REQUIRED ACTION: It would help if you retyped the data exactly, leaving out the pictures.

---------- PROVIDED MATERIAL ----------

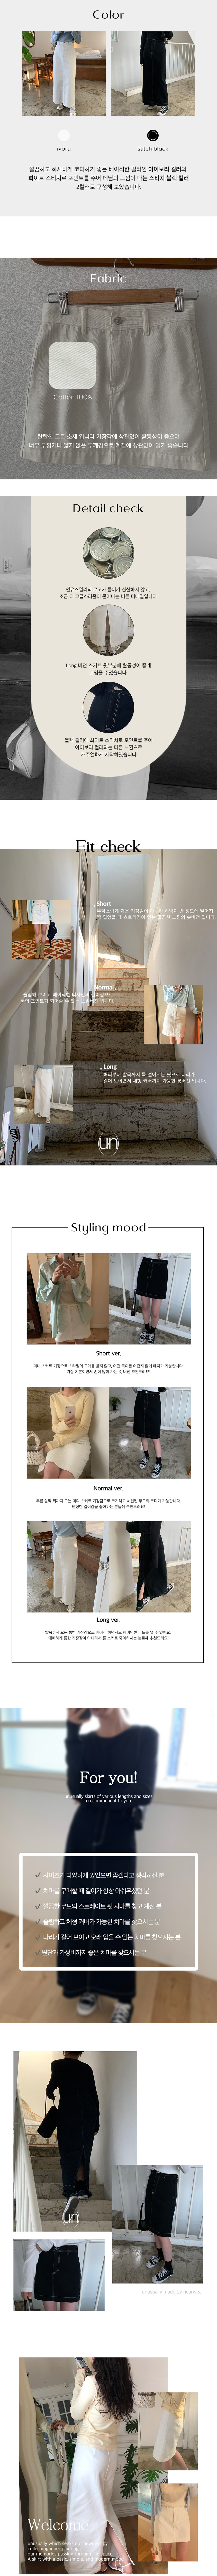 韓國食品-[Nearwear] unusually skirt (2color & 3 length)
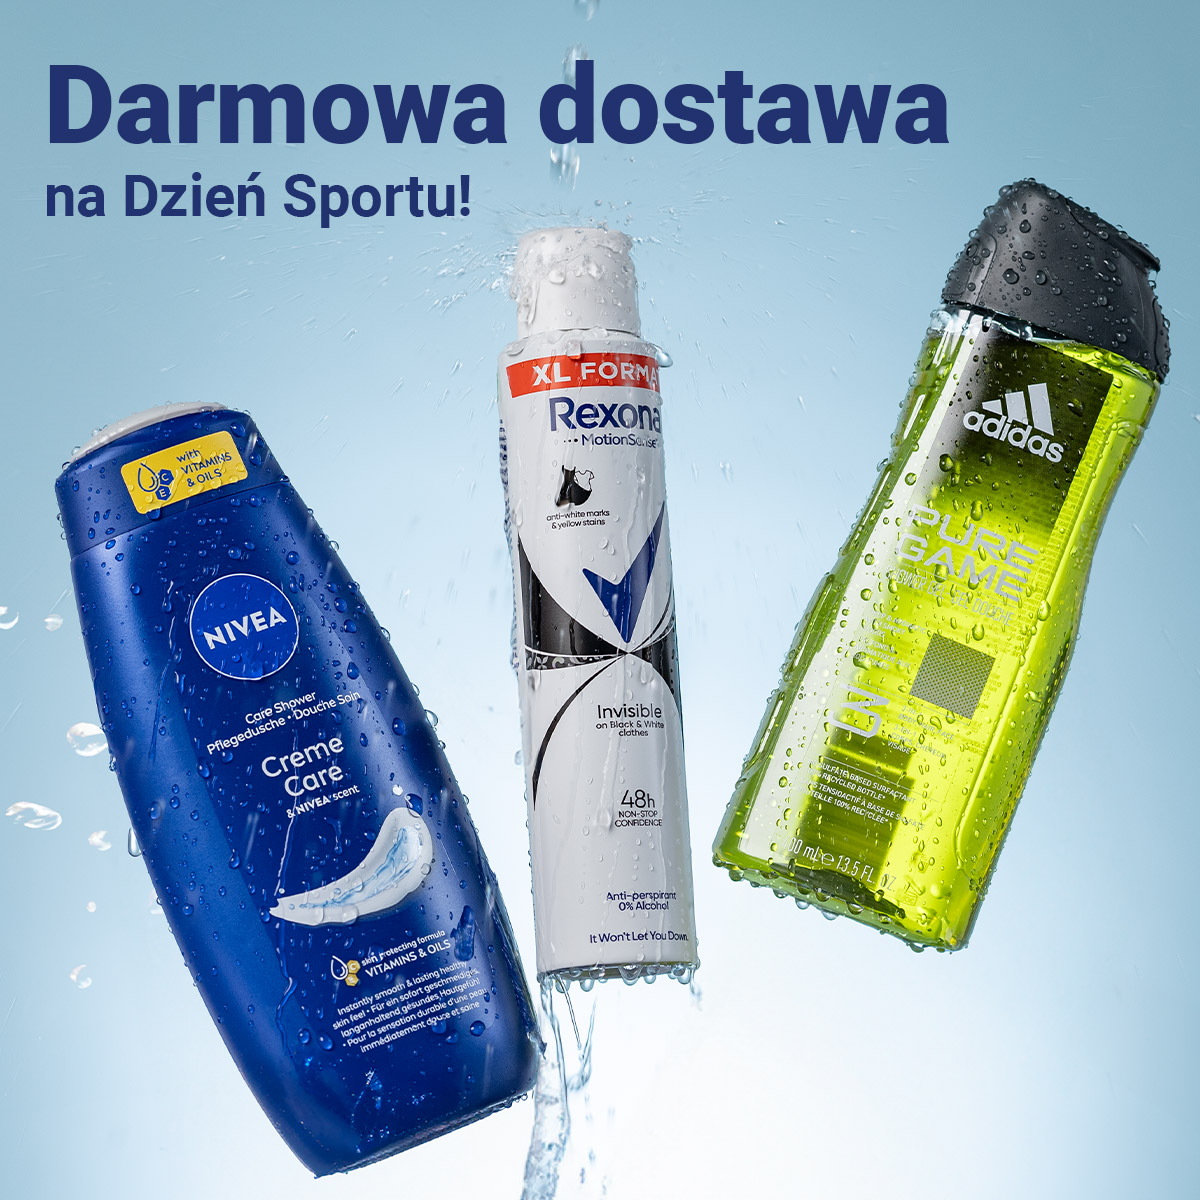 Darmowa dostawa zakupów z Rossmanna z okazji Międzynarodowego Dnia Sportu
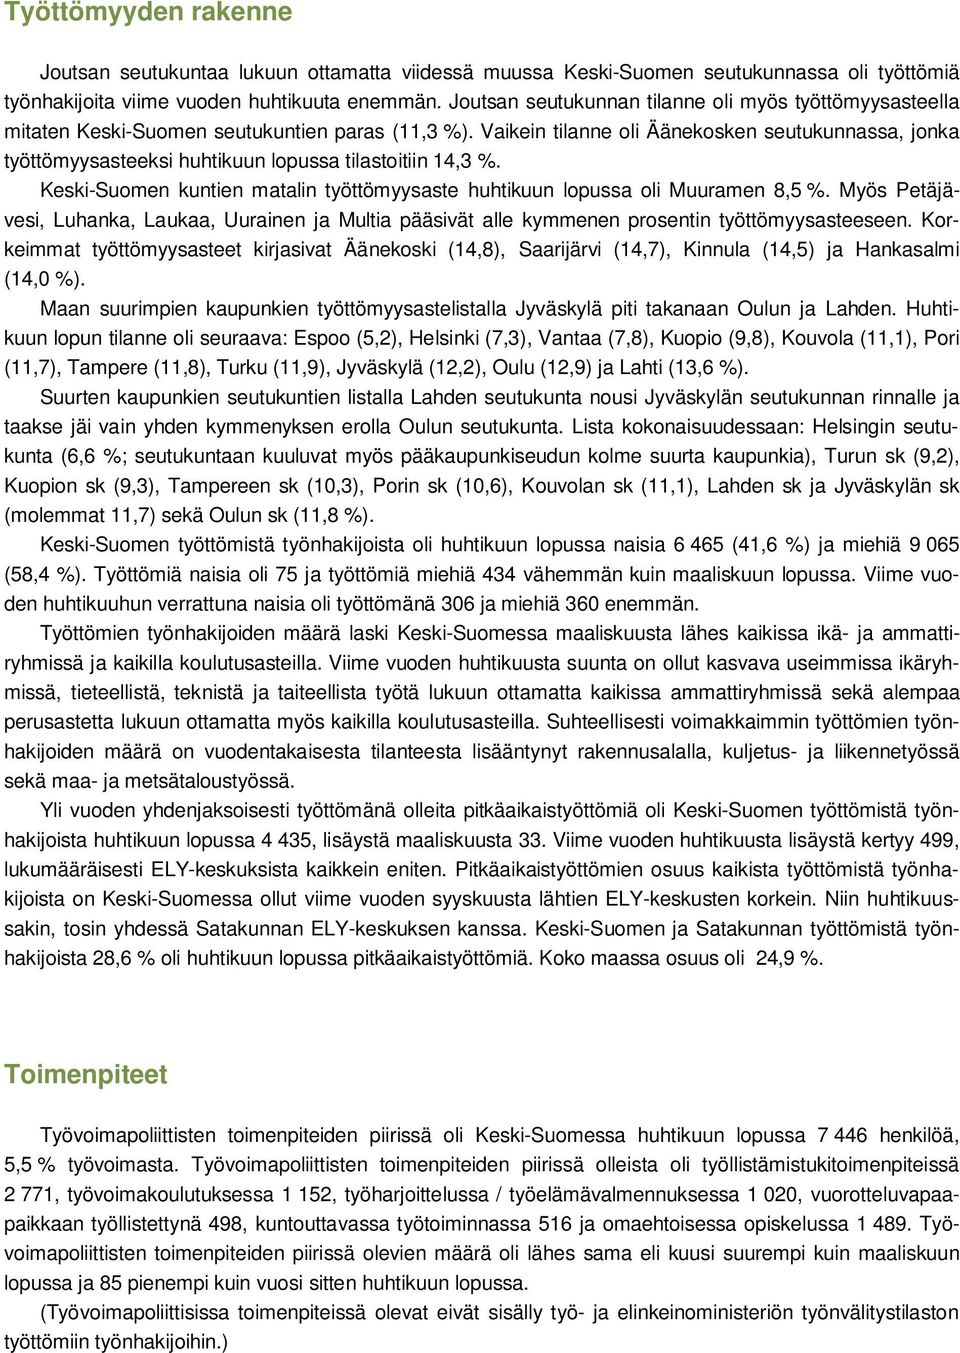 Vaikein tilanne oli Äänekosken seutukunnassa, jonka työttömyysasteeksi huhtikuun lopussa tilastoitiin 14,3 %. Keski-Suomen kuntien matalin työttömyysaste huhtikuun lopussa oli Muuramen 8,5 %.

----------

RESPONSE TO THIS TASK:
 韓國食品-[Nearwear] unusually skirt (2color & 3 length)
 Darmowa dostawa zakupów z Rossmanna z okazji Międzynarodowego Dnia Sportu
 Vaikein tilanne oli Äänekosken seutukunnassa, jonka työttömyysasteeksi huhtikuun lopussa tilastoitiin 14,3 %. Keski-Suomen kuntien matalin työttömyysaste huhtikuun lopussa oli Muuramen 8,5 %.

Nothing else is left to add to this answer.